Table 2. Results of analysis of variance (ANOVA) of water stress (W), sulfur (B) and iron (C), and their interaction with gain yield, yield components and nutrients content in sesame.
W = Irrigation; B = sulfur; C = iron. * P<0.05; ** P<0.01. Numbers represent F values at 5% level; ns, not significant.
Table 3. Mean comparisons of the effect of water stress and combination of sulfur and iron fertilizers on gain yield, yield components and nutrients content in sesame.
Means with different letters are significantly different at P< 0:05 (Duncan’s test). W = Irrigation; B = sulfur; C = iron; Sulfur (B1 = 0, B2 = 100 and B3 = 200 kg.ha-1); Iron (C1 = 0, C2 = 3 and C3 = 6*1000 concentrations).

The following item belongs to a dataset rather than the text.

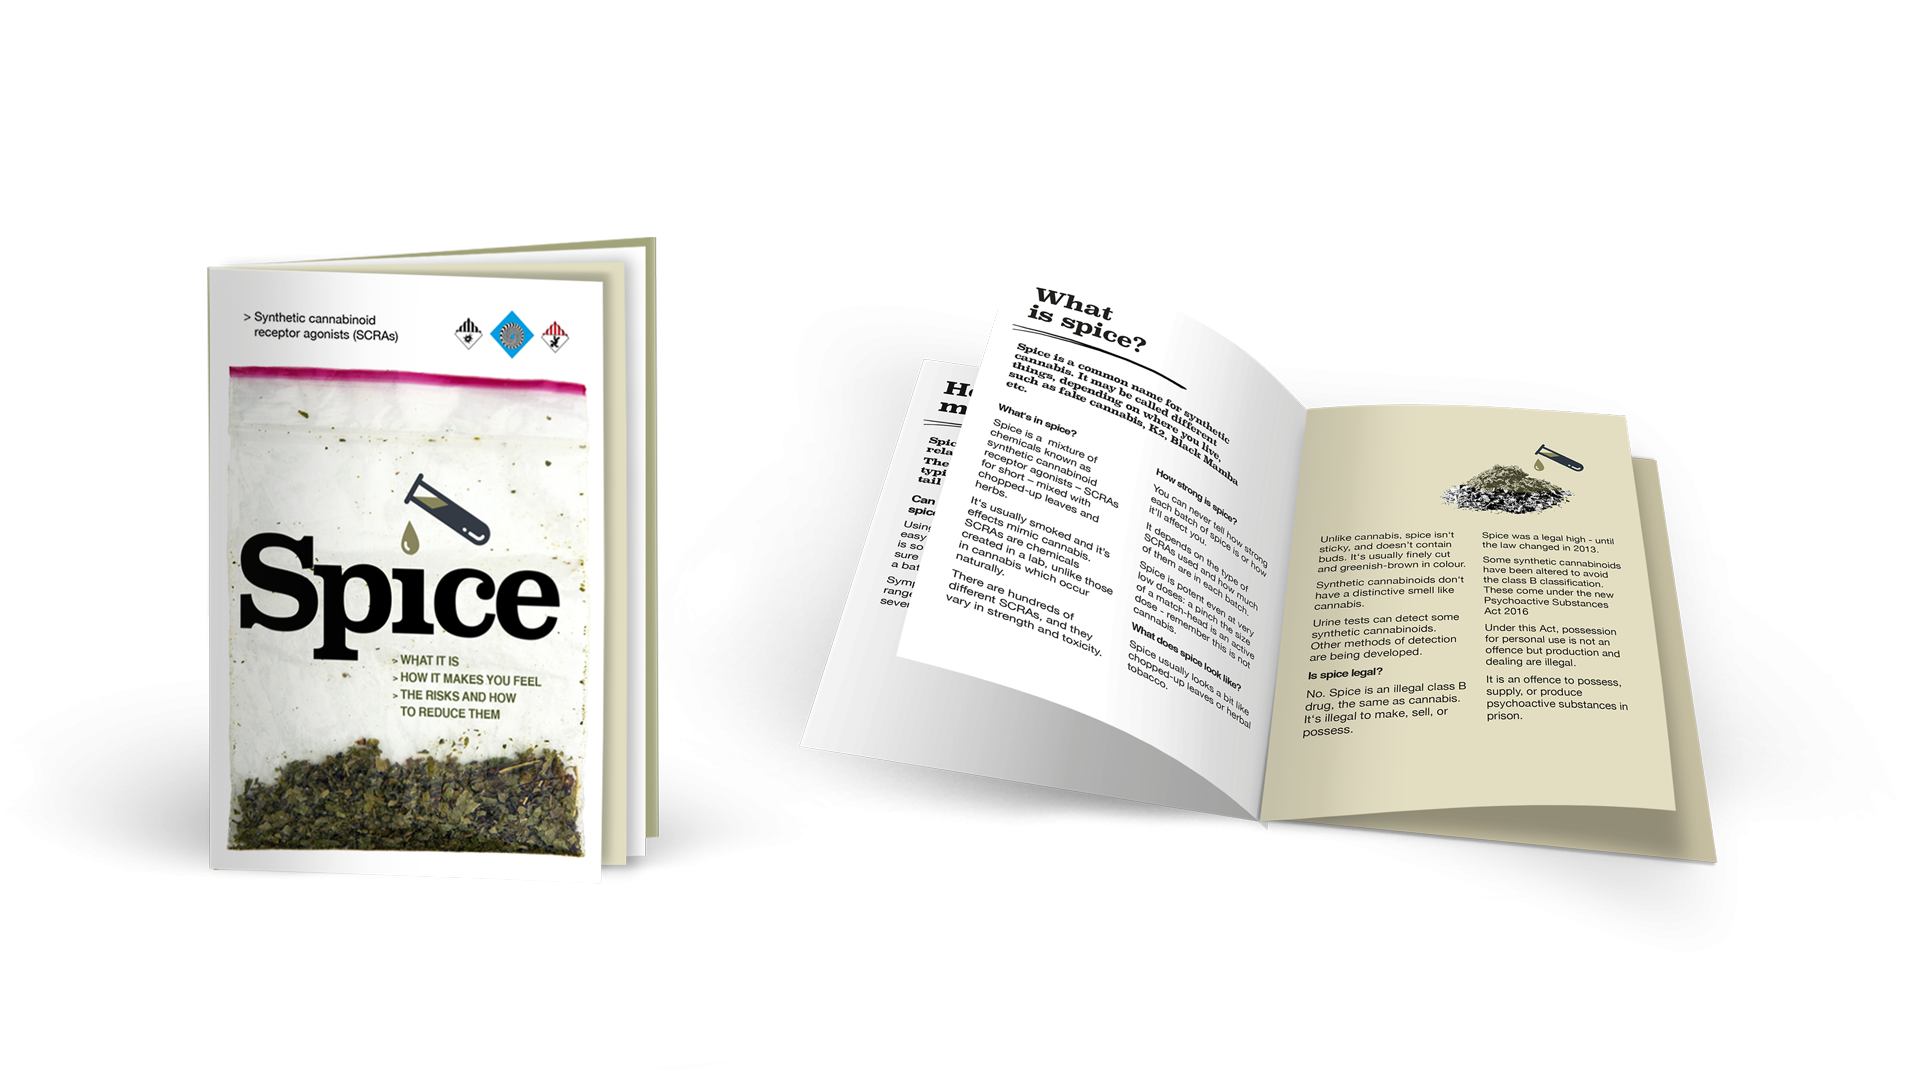 Spice drug information booklet - front cover design and inside pages

Nutrient contents in seeds
The results of this study indicate that water stress significantly (P<0.05) affected potassium and iron content of the seeds of sesame (Table 2). Water stress increased Fe and K+ content of seeds (Table 3). Potassium increases the plant’s drought resistance through its functions in stomatal regulation, osmoregulation, energy status, charge balance, protein synthesis and homeostasis (Marschner, 1995). It also maintains turgor pressure and reduces transpiration under drought conditions (Andersen et al., 1992). In plants coping with drought stress, the accumulation of K+ may be more important than the production of organic solutes during the initial adjustment phase, because osmotic adjustment through ion uptake like K+ is more energy efficient (Hsiao, 1973). Sulfur and iron fertilizers had significant effect on potassium, nitrogen and iron content in the seeds of sesame plants (Table 2). Sulfur fertilizer increased potassium and iron content but increased nitrogen in b2 treatment (Table 3). The iron foliar application increased the amounts of these three elements in the seeds (Table 3). However, S addition in b2 in the soil showed N increment in seeds of sesame, suggesting that soil S may have been enough to meet the crop N demand at this N uptake level (Salvagiotti and Miralles, 2008). Environmental conditions during the stem elongation period (from terminal spikelet to anthesis in wheat) may affect crop growth and thus, modify the pattern of N uptake (Hocking, 1994). Interaction between water stress and combination of iron and sulfur fertilizers had significant effect on nitrogen and iron concentration in seeds (Table 2). The highest iron content of seeds was obtained at water stress treatment and b1c2 (Figure 4) and nitrogen at b1c2 and b1c3 combination of the two fertilizers treatments (Figure 5). Application of S containing fertilizer can result to soil acidification and may eventually influence nutrient uptake (Havlin et al., 2007).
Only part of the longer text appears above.